Petraeus Memo Widens scope of US Military Covert Operations in ME

May 25th, 2010 Arab News No comments

The 7-page memo seen by the NYT and signed by CENTCOM commander Gen. David Petraeus authorizes US troops to engage in clandestine intelligence-gathering in the greater Middle East. The article implies that the memo also authorizes more military teams to go into unconventional conflict situations in both unfriendly and friendly countries.

Critics worry that the order blurs the line between combat soldiers and spies and weakens the claim of all soldiers to human treatment under the Geneva Conventions.

My own view is that the United States was founded as a government of laws, not men, and that the siren call of covert operations is steadily undermining the rule of law. Blurring the line between military action and spying makes it impossible to talk about the covert missions, since they are typically classiified. The same is true for predator drone strikes.
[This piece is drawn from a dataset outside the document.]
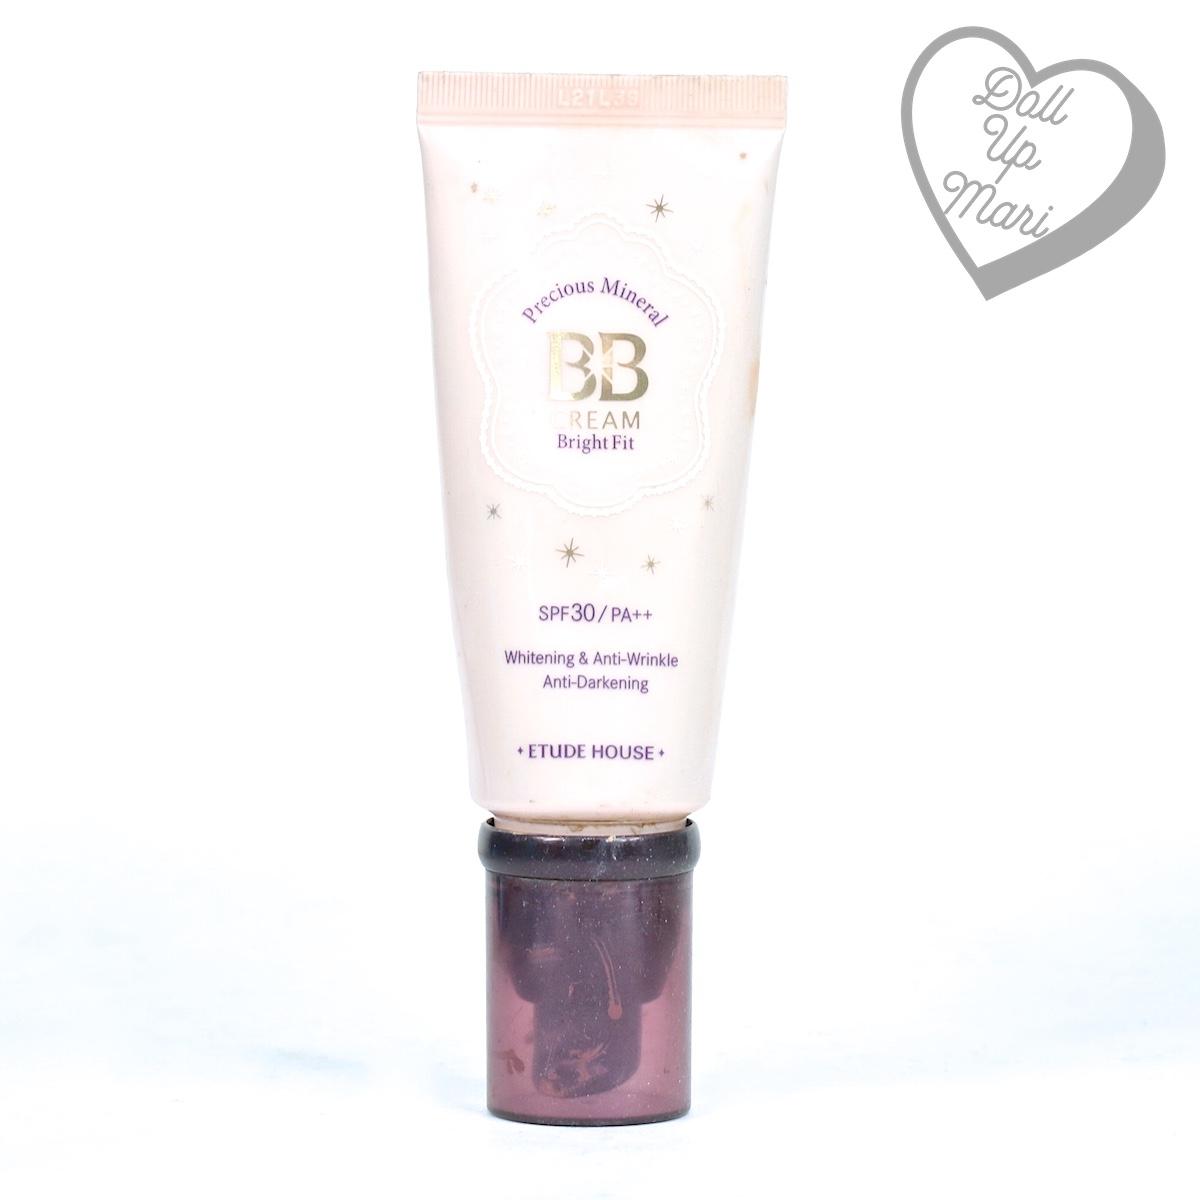 Etude House Precious Mineral BB Cream (Bright Fit)

Military action such as launching drones should be carried out by the uniformed military, not by CIA operatives or, worse, contractors. The former action would allow us to discuss the campaigns as free citizens of a republic. As it is now, often civilian contractors are piloting drones long-distance and we cannot so much as get a straight answer out of the elected officials. Where the US is striking at friendly countries, there should be a Status of Forces agreement to provide a legal framework for the actions.

And intelligence gathering should be carried out by the civilian such agencies. The more you make elements of the military actually intelligence assents, the more likely it is that the lines between them will get strained. That blurring could be bad for all troops. There is already a tendency in the ME for locals to see all Americans as CIA, and giving troops a lot of covert missions will reinforce these views.

We still can be a country of laws, not men, can’t we? It isn’t too late?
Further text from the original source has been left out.